In applying this standard, the Ninth Circuit has held that before it can be said that a prisoner's civil rights have been abridged, "the indifference to his medical needs must be substantial. Mere 'indifference,' 'negligence,' or 'medical malpractice' will not support this cause of action." Broughton v. Cutter Laboratories, 622 F.2d 458, 460 (9th Cir. 1980) (citing Estelle, 429 U.S. at 105-06). "[A] complaint that a physician has been negligent in diagnosing or treating a medical condition does not state a valid claim of medical mistreatment under the Eighth Amendment. Medical malpractice does not become a constitutional violation merely because the victim is a prisoner." Estelle, 429 U.S. at 106; see also Anderson v. County of Kern, 45 F.3d 1310, 1316 (9th Cir. 1995); McGuckin, 974 F.2d at 1050, overruled on other grounds, WMX Techs., 104 F.3d at 1136. Even gross negligence is insufficient to establish deliberate indifference to serious medical needs. See Wood v. Housewright, 900 F.2d 1332, 1334 (9th Cir. 1990). A prisoner's mere disagreement with diagnosis or treatment does not support a claim of deliberate indifference. Sanchez v. Vild, 891 F.2d 240, 242 (9th Cir. 1989).

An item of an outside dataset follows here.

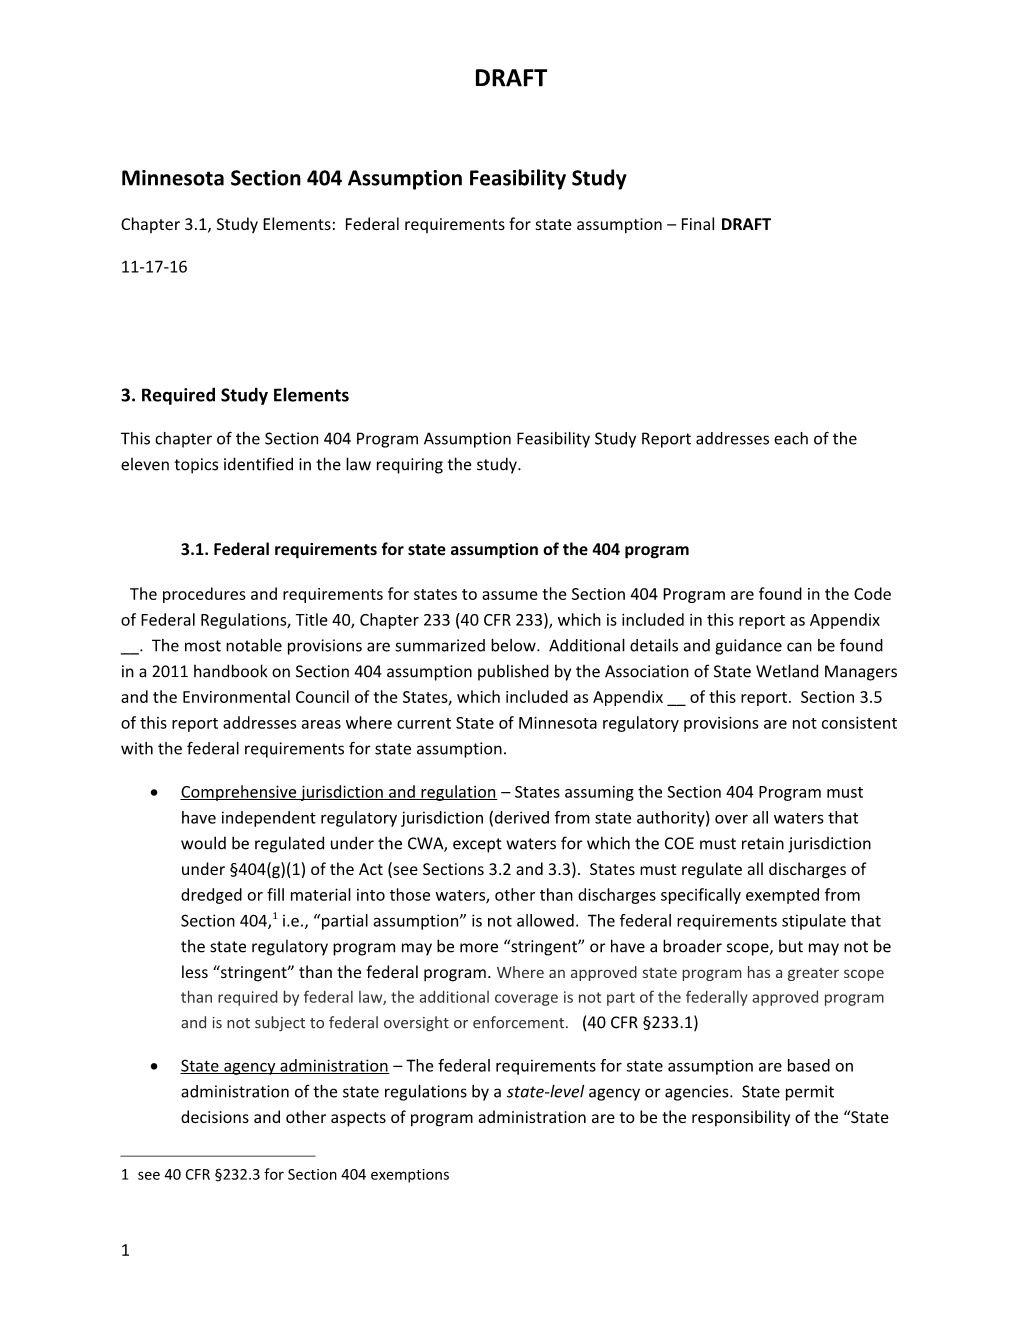 Minnesota Section 404 Assumption Feasibility Study

Plaintiff claims that Dr. Smith violated his rights when he failed to provide emergency treatment to Plaintiff's left shoulder dislocation after diagnosing a shoulder dislocation on MRI film following an examination on May 14, 2003; when he failed to treat Plaintiff's left A-C joint separation which the doctor knew to exist during the course of performing corrective surgery of Plaintiff's left shoulder dislocation; when he failed to provide emergency treatment after Plaintiff re-dislocated his shoulder and injured his A-C joint while undergoing physical therapy on July 17, 2003; when he amputated Plaintiff's distal left clavicle without medical necessity, pre-surgery discussion, or Plaintiff's informed consent, and disregarded Plaintiff's shoulder dislocation while performing an alleged corrective surgical procedure; when he failed to ascribe emergency protocol to Plaintiff's left shoulder dislocation and A-C joint separation in response to an "emergency" orthopedic referral by an attending prison physician; when he failed to follow up on the specifics of an outside orthopedist's orders and recommendations; and when he withheld from Plaintiff's prison medical file all significant medical documentation generated by an outside orthopedist.

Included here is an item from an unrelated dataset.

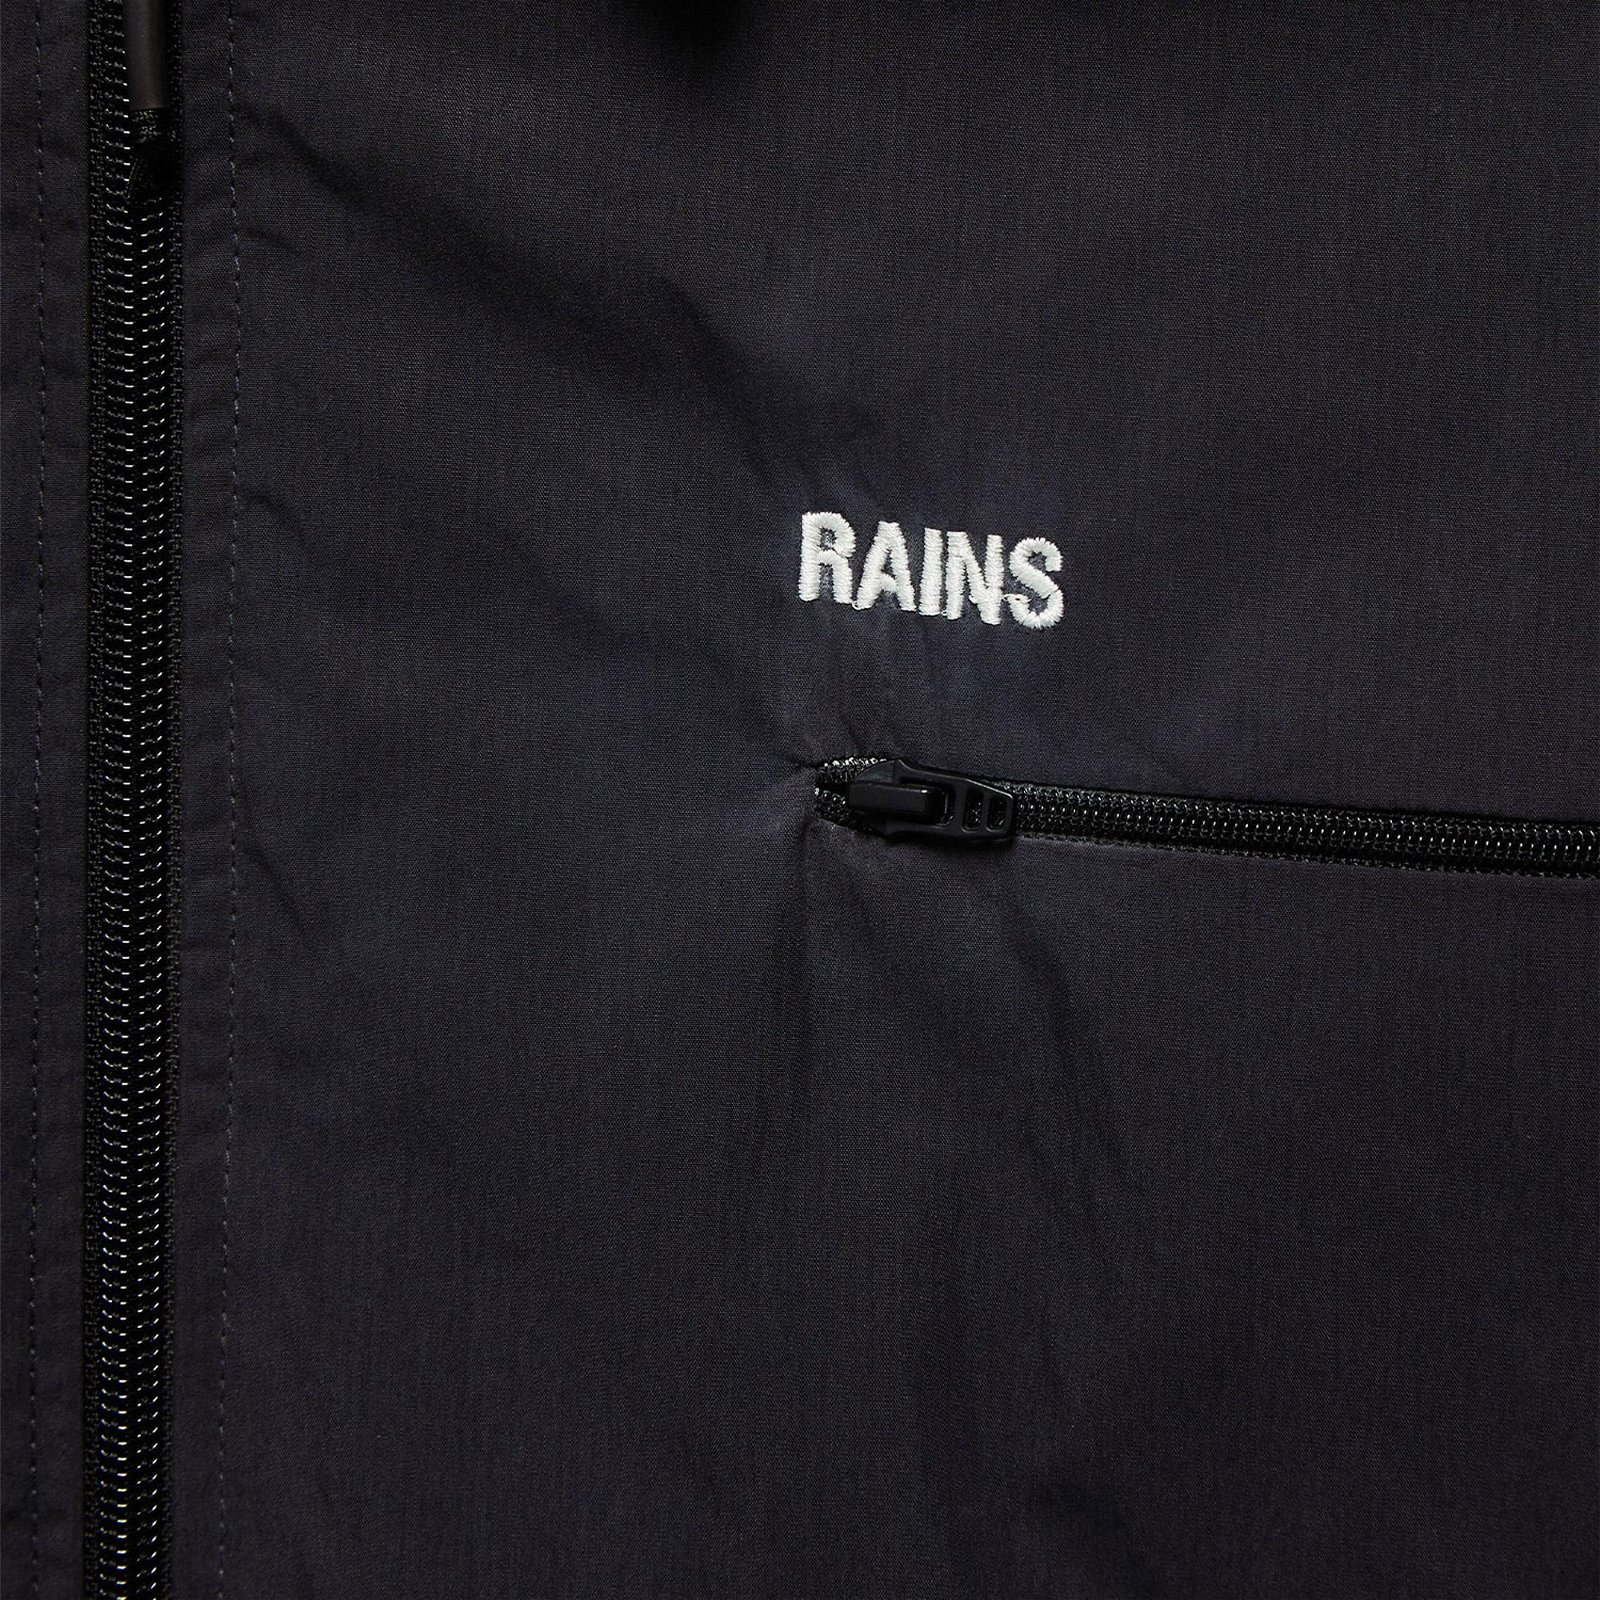 Rains Woven Unisex Siyah Ceket

Plaintiff claims that Dr. Johnston violated his rights when he failed to undertake a more meaningful physical examination and evaluation of Plaintiff's dislocated right shoulder, while having previous personal experience and knowledge of Plaintiff's medical history.

B. State Law Claims

Plaintiff also brings state tort law claims against Defendants, for their failure to properly treat his injured shoulders, causing him to suffer pain and injury.*fn5

IV. MOTION TO DISMISS

Defendants bring a motion to dismiss the complaint pursuant to Rules 12(b) and 12(b)(6), for Plaintiff's failure to exhaust administrative remedies, and for Plaintiff's failure to timely file a complaint as to state law claims pursuant to California Government Code § 945.6(a)(1).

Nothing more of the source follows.